# Ruger Mark II



## jcountry (Feb 26, 2012)

I am having some awful feed and ejecting troubles with my "like new" Ruger mark II.

I have been shooting federal champion and winchester super X high vel rounds, trying to get this thing to function right.

The federals will jam, and the spent casing will get stuck sideways, with the rim getting hung up on the op rod at the top of the receiver.  This happens at least once per mag.

The winchesters don't fail to eject or fail to feed, but they often (as in every 3rd round or so) will do something which makes the hammer fail to cock.  When I pull the trigger, I get nothing, and there is a live round in the chamber, so somehow the hammer is either not getting cocked, or not staying cocked.

I already took the pistol down and cleaned it real well, but as I noted, it was in almost new condition when I got it.

Anyone seen these kinds of troubles with a Mark II?  Seems that these troubles happen no matter which mag I use.

Thanks
-J


----------



## Boar Hog (Feb 26, 2012)

Mine only does this when it gets really fouled. spray it down with gun scrubber.


----------



## NCHillbilly (Feb 26, 2012)

Do you have this problem with other pistols, or just this one?

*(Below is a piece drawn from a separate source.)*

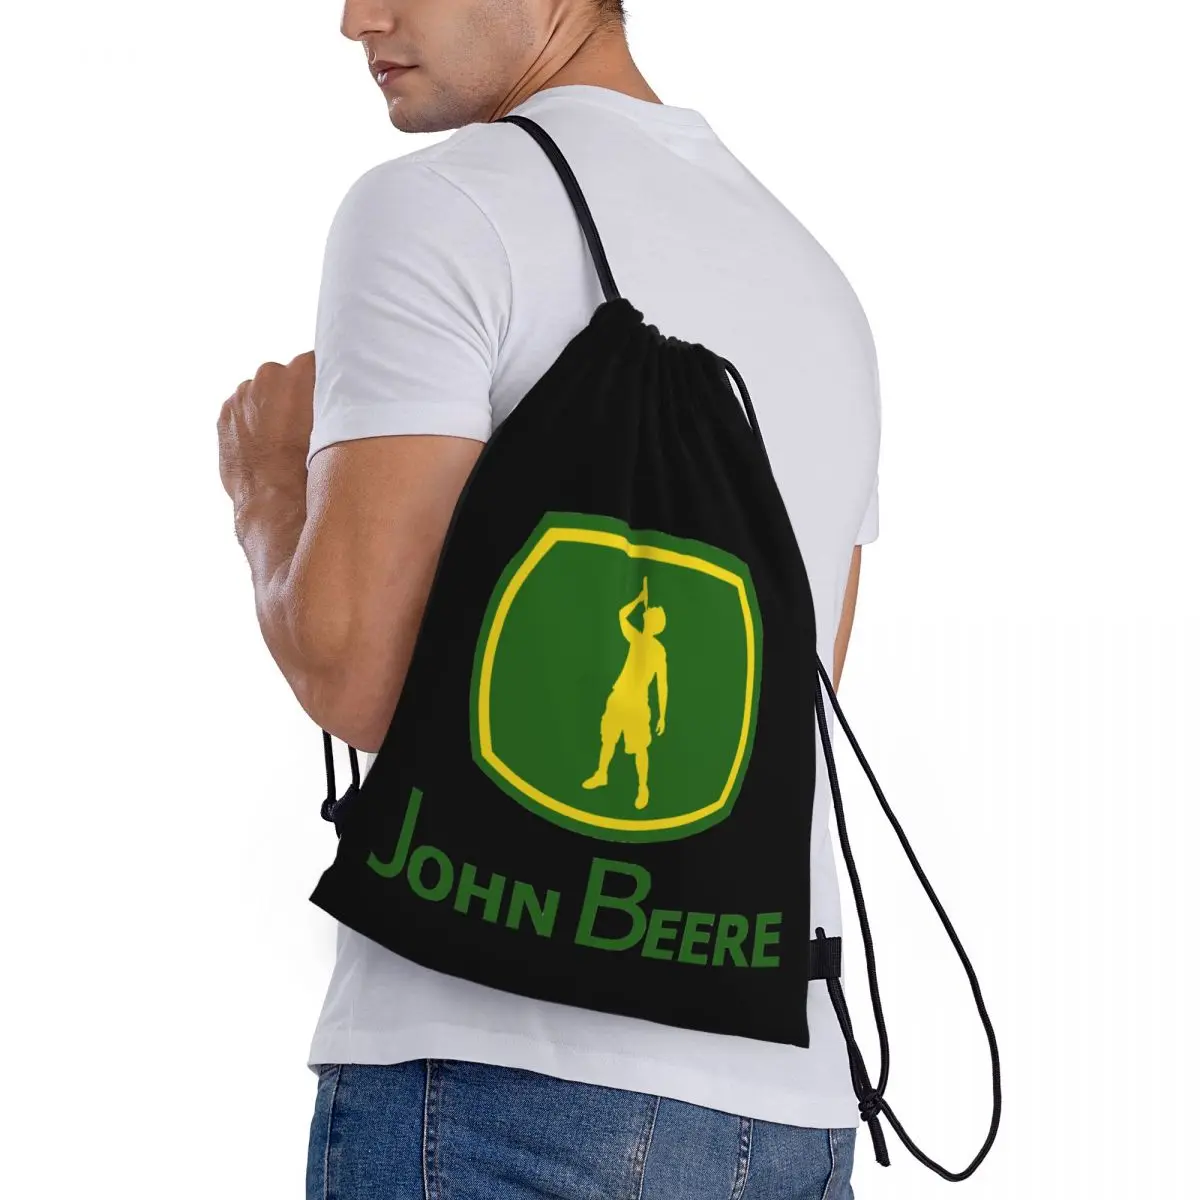 John Beere Funny Beer Lover Camping Gift Funny Drawstring Bags Gym Bag Infantry pack Patogi kuprinė Juokinga naujovė Nuotrauka 1
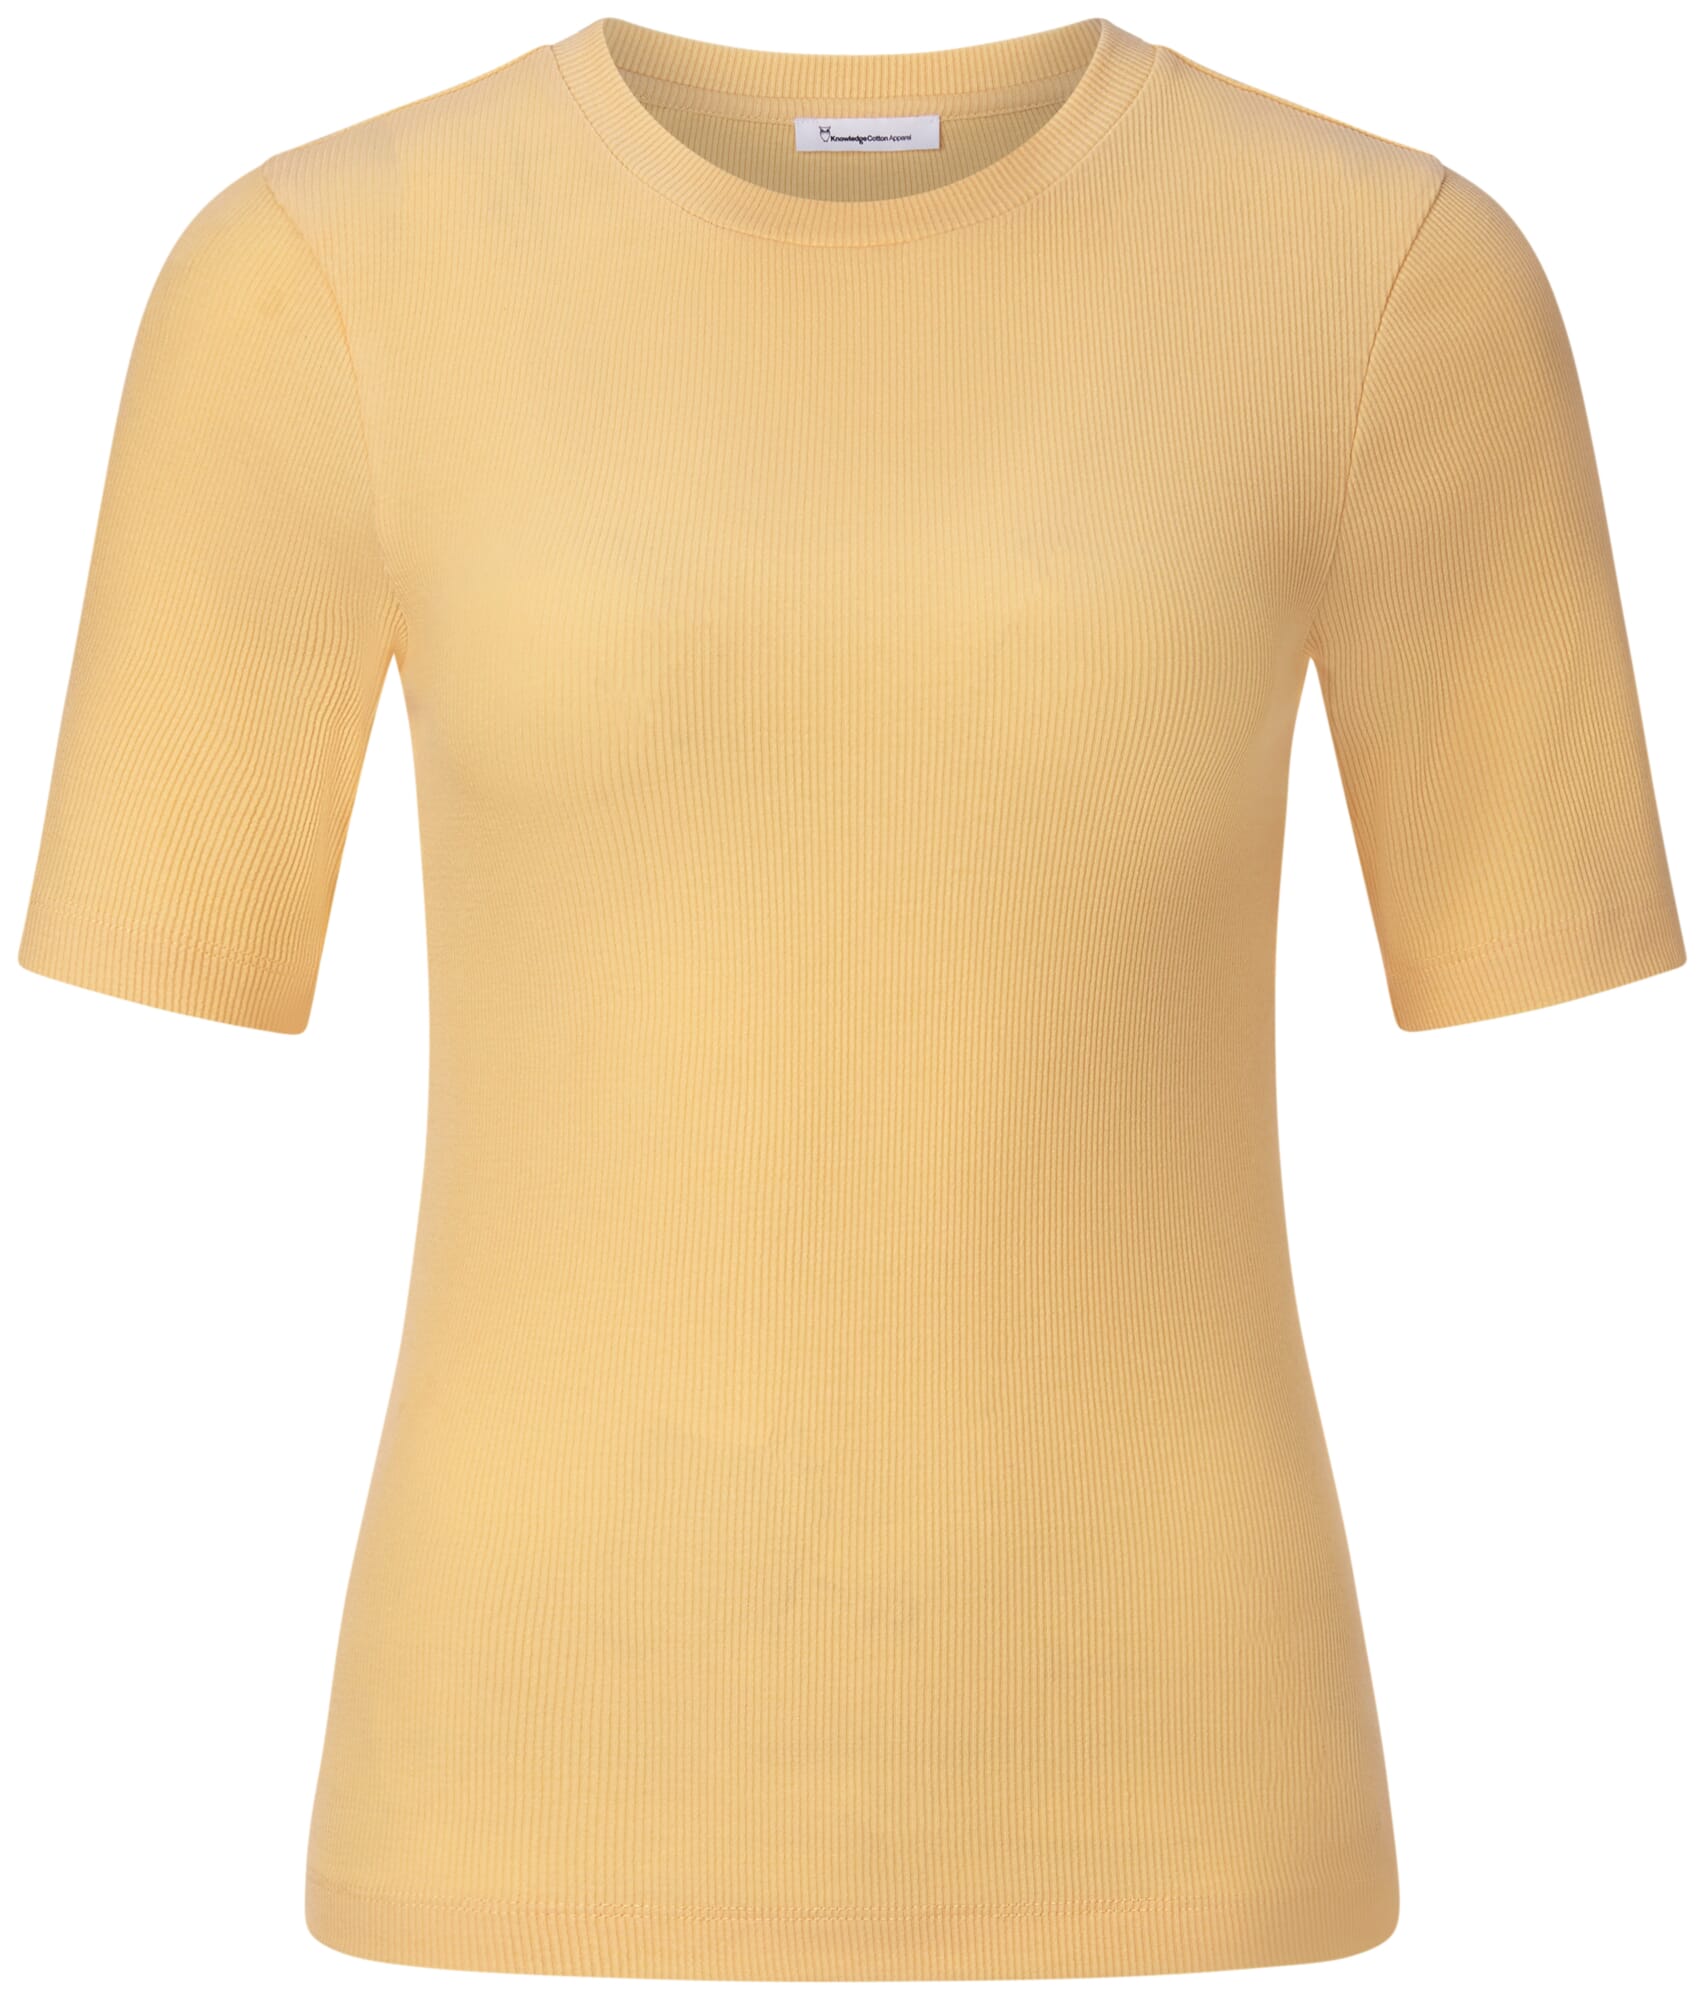 Ladies' ribbed T-shirt, Yellow | Manufactum

Sometimes not holding a pistol firmly enough will cause it to stovepipe.


----------



## jcountry (Feb 26, 2012)

I just went out and shot it some more.  

I found another clue:

When a round is chambered, the next one in the mag gets a dent in it-as if something is pushing straight down-hard.  Happens with both mags.


----------



## RNC (Feb 26, 2012)

I would try several type of ammo ....

Sometimes it will run great with some an not so well with other types ...


----------



## ScottD (Feb 29, 2012)

First - I would remove the bolt and clean everything very well.  Apply some light oil and reassemble.

Federal makes a 22LR amunition called "AUTO-Match".  Specifically made for semi auto firearms that is very reliable and operates my Mark II flawlessly.  You can buy it at Walmart in boxes of 500.


----------



## jatkin99 (Feb 29, 2012)

I bought mine new in the 1980's.  Everything had eject problems until I started using "CCI stingers".  It's a hotter load and ejects well.  After a few thousand rounds the spring will loosen up and shoot other cartridges.


----------



## Old Texan (Feb 29, 2012)

Clean it well, inspect it, and try CCI Mini Mags.


----------



## Sargent (Feb 29, 2012)

jcountry said:


> I just went out and shot it some more.
> 
> I found another clue:
> 
> When a round is chambered, the next one in the mag gets a dent in it-as if something is pushing straight down-hard.  Happens with both mags.




Have a picture?


----------